==== PROVIDED ENTRIES ====
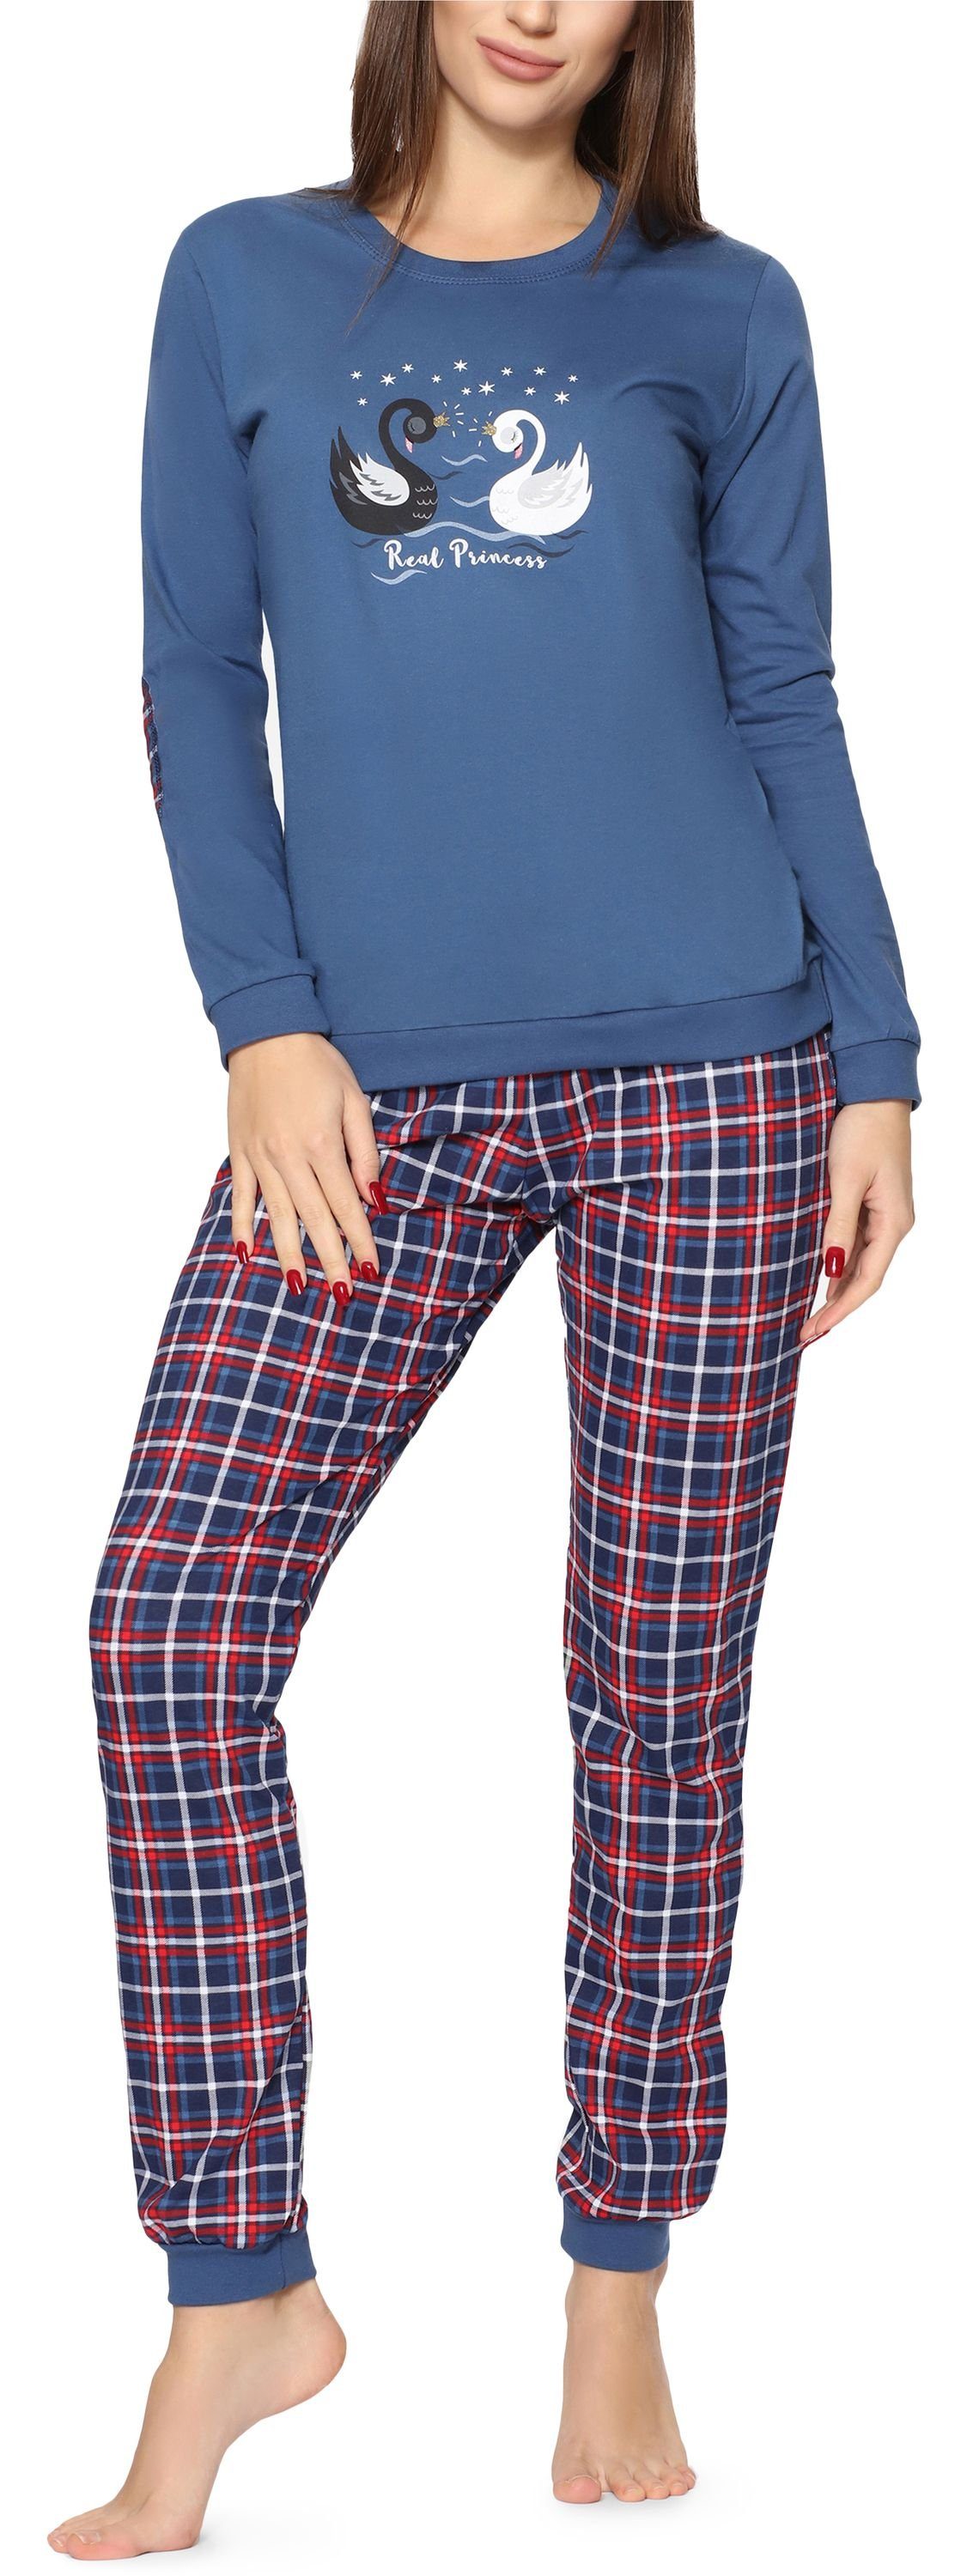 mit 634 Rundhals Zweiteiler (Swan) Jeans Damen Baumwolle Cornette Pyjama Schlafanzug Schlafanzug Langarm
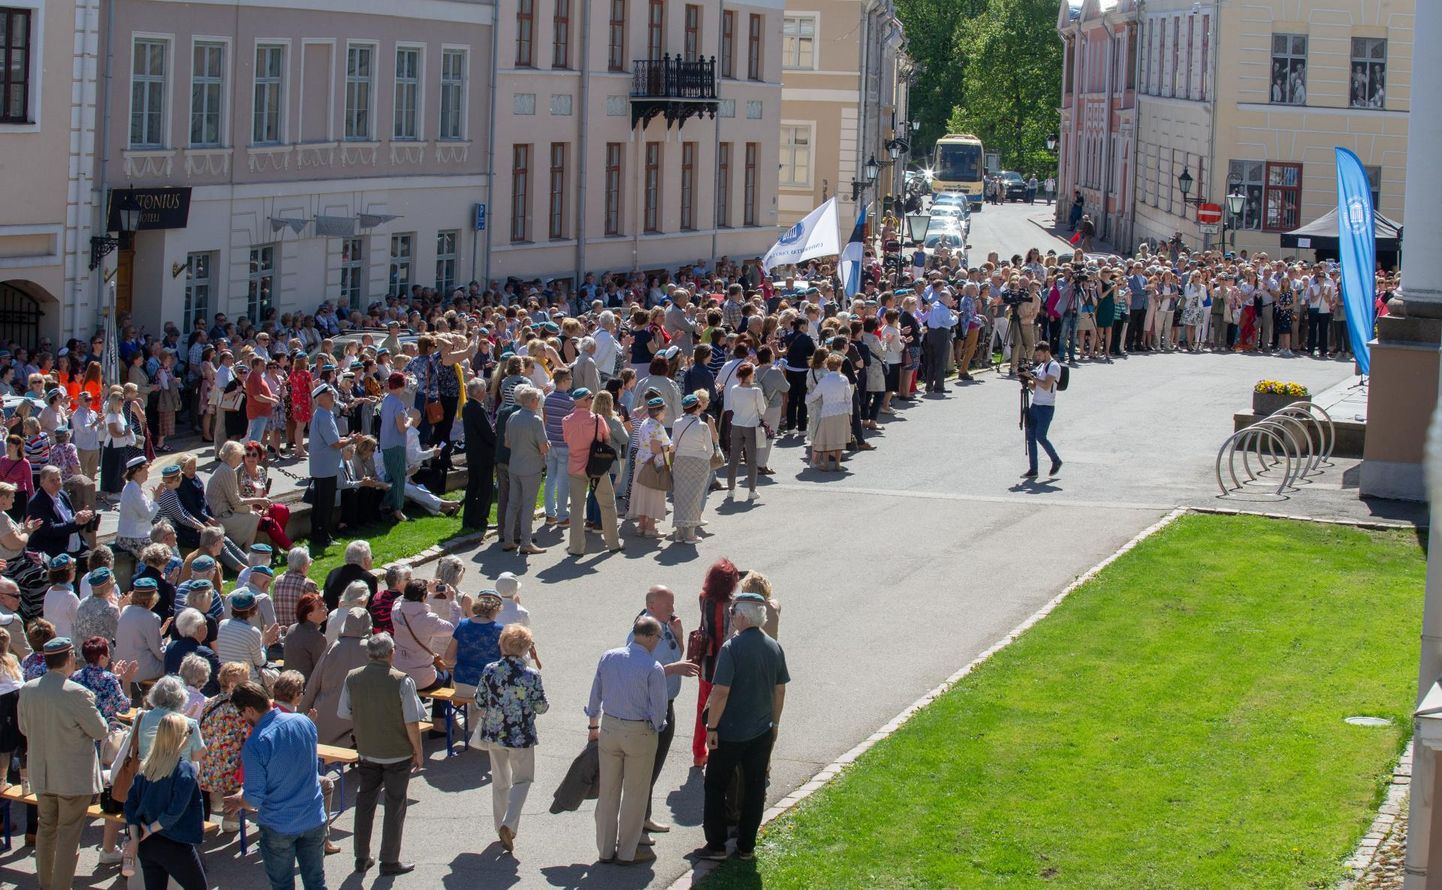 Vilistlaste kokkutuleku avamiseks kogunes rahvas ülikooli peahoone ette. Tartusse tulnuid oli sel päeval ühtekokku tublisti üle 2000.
====
==== PROVIDED ENTRIES ====
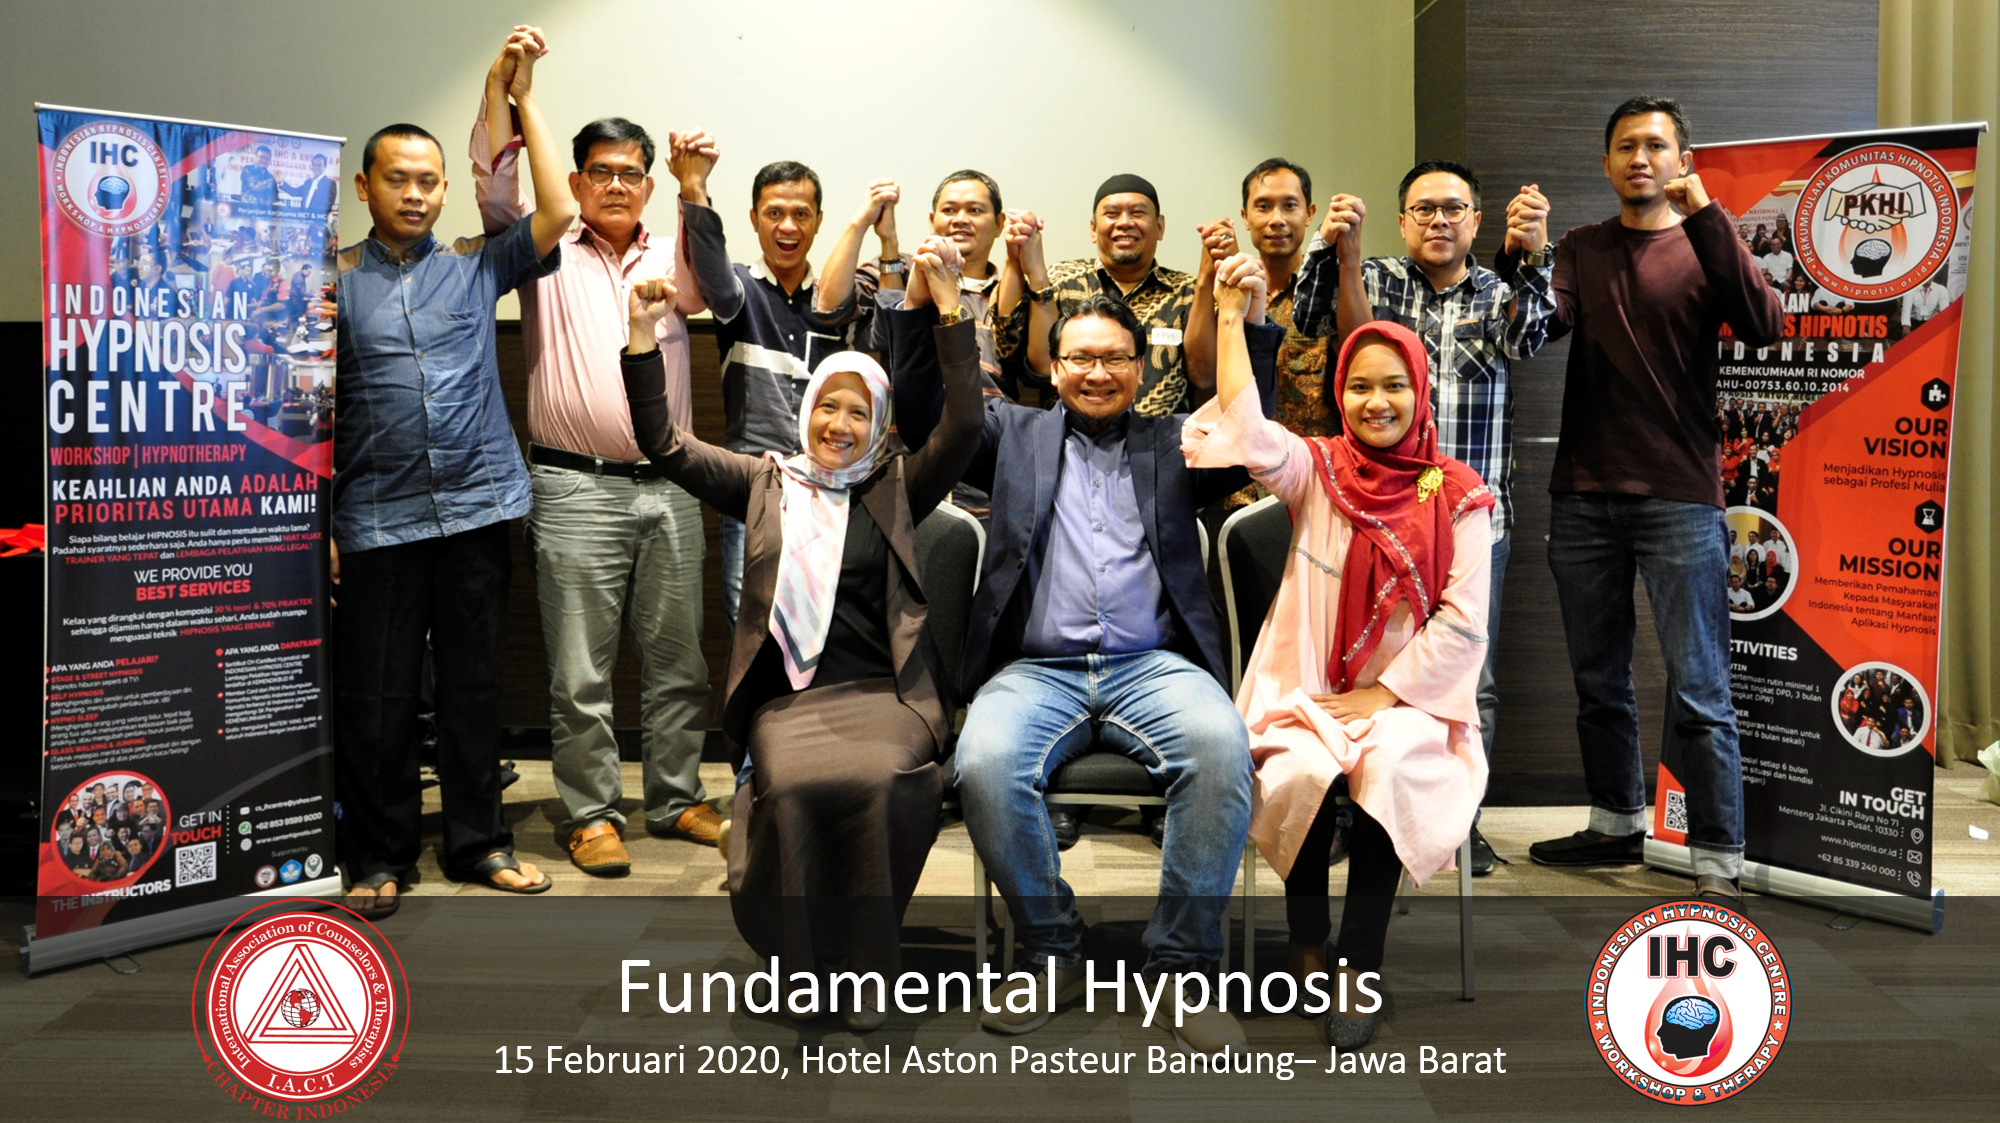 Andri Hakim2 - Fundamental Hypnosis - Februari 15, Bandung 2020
====
GOAL OF THE EXERCISE>
Leave the pictures out, and transcribe exactly the lines above starting at the one that contains "mit 634 Rundhals" and ending at the one that contains "Vilistlaste kokkutuleku avamiseks".

RESPONSE BELOW>
 mit 634 Rundhals Zweiteiler (Swan) Jeans Damen Baumwolle Cornette Pyjama Schlafanzug Schlafanzug Langarm
 Vilistlaste kokkutuleku avamiseks kogunes rahvas ülikooli peahoone ette. Tartusse tulnuid oli sel päeval ühtekokku tublisti üle 2000.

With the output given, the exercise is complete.